Content starts
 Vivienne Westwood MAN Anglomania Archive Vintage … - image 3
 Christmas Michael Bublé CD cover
Content ends
Content starts
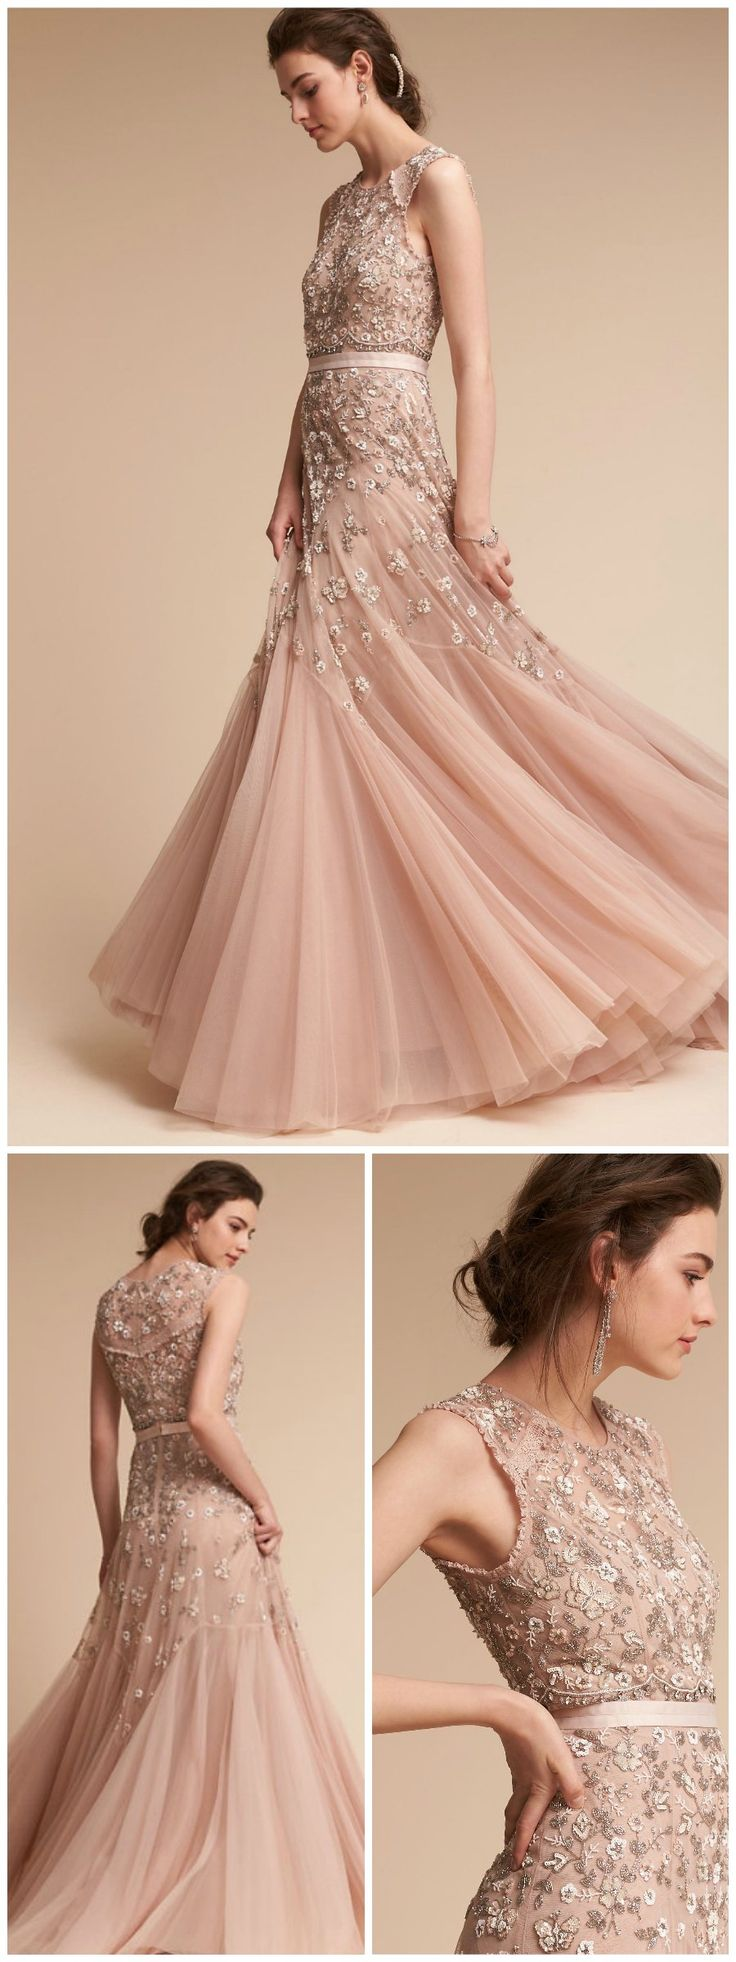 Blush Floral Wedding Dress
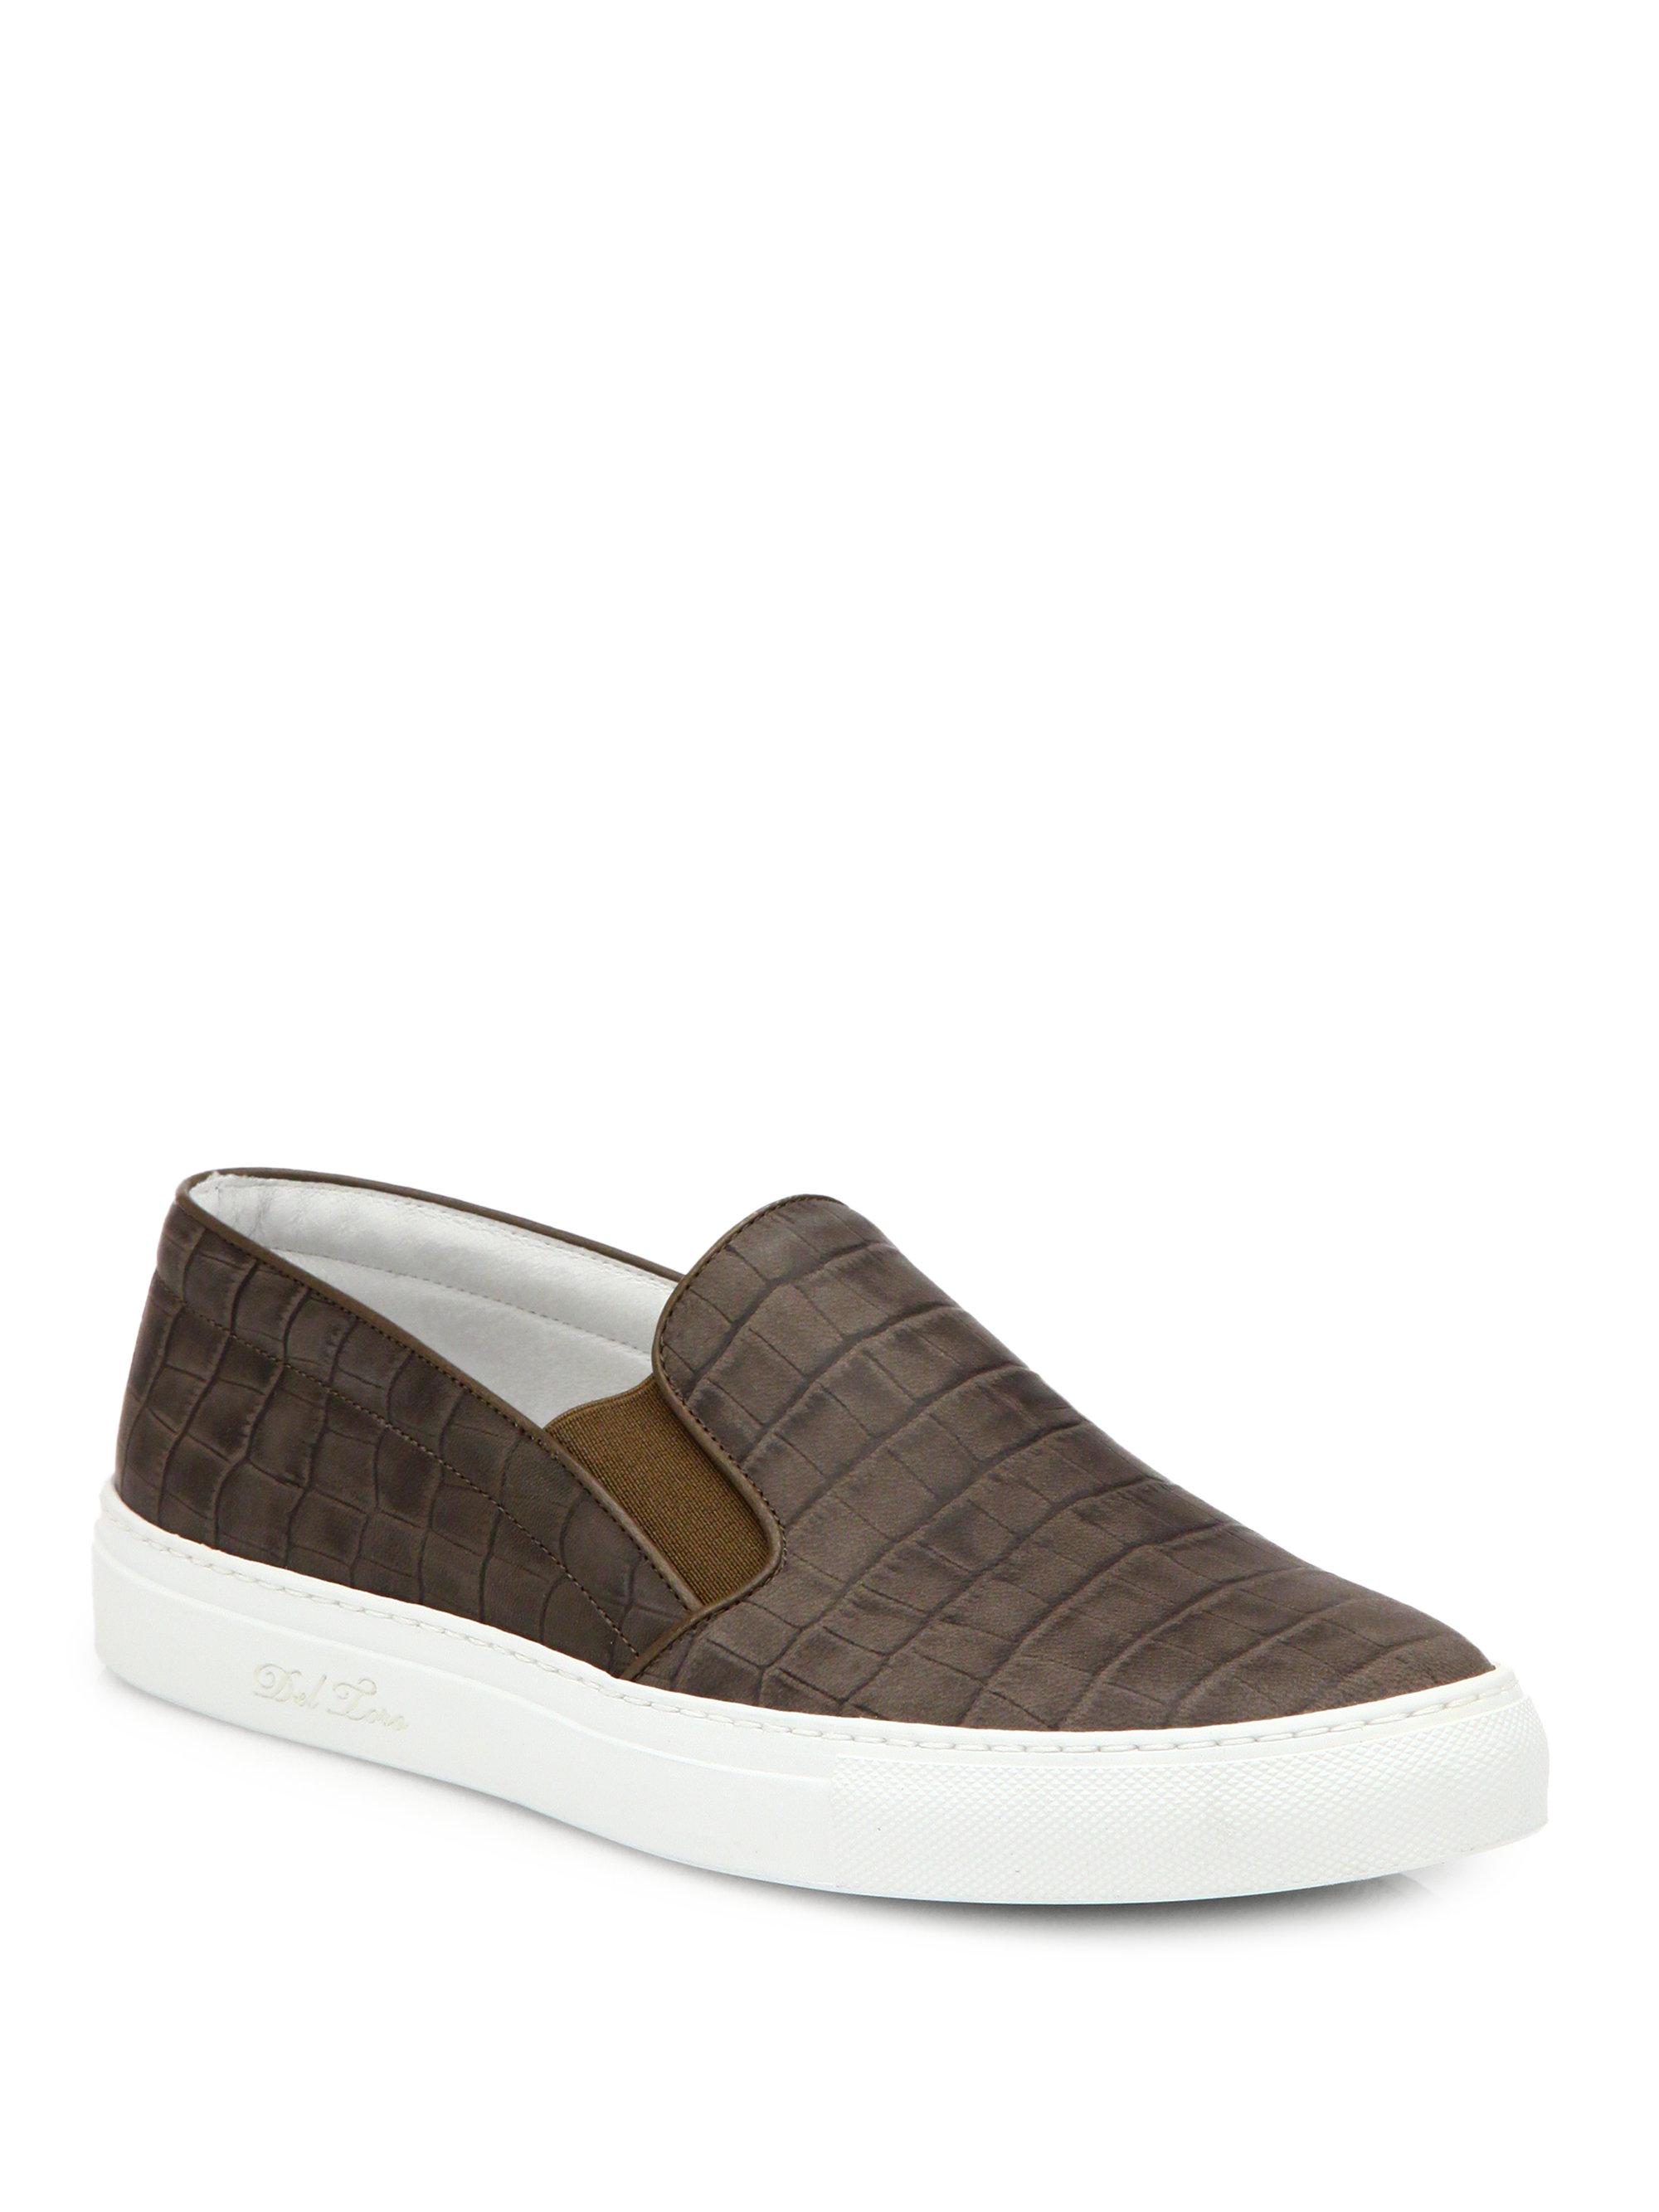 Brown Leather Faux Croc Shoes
Content ends
§ WORK ITEM
Using the material above, transcribe exactly the lines from the line with "Vivienne Westwood MAN" to the line with "Christmas Michael Bublé CD cover"; both count, and nothing else goes in.

§ YOUR RESPONSE
 Vivienne Westwood MAN Anglomania Archive Vintage … - image 3
 Christmas Michael Bublé CD cover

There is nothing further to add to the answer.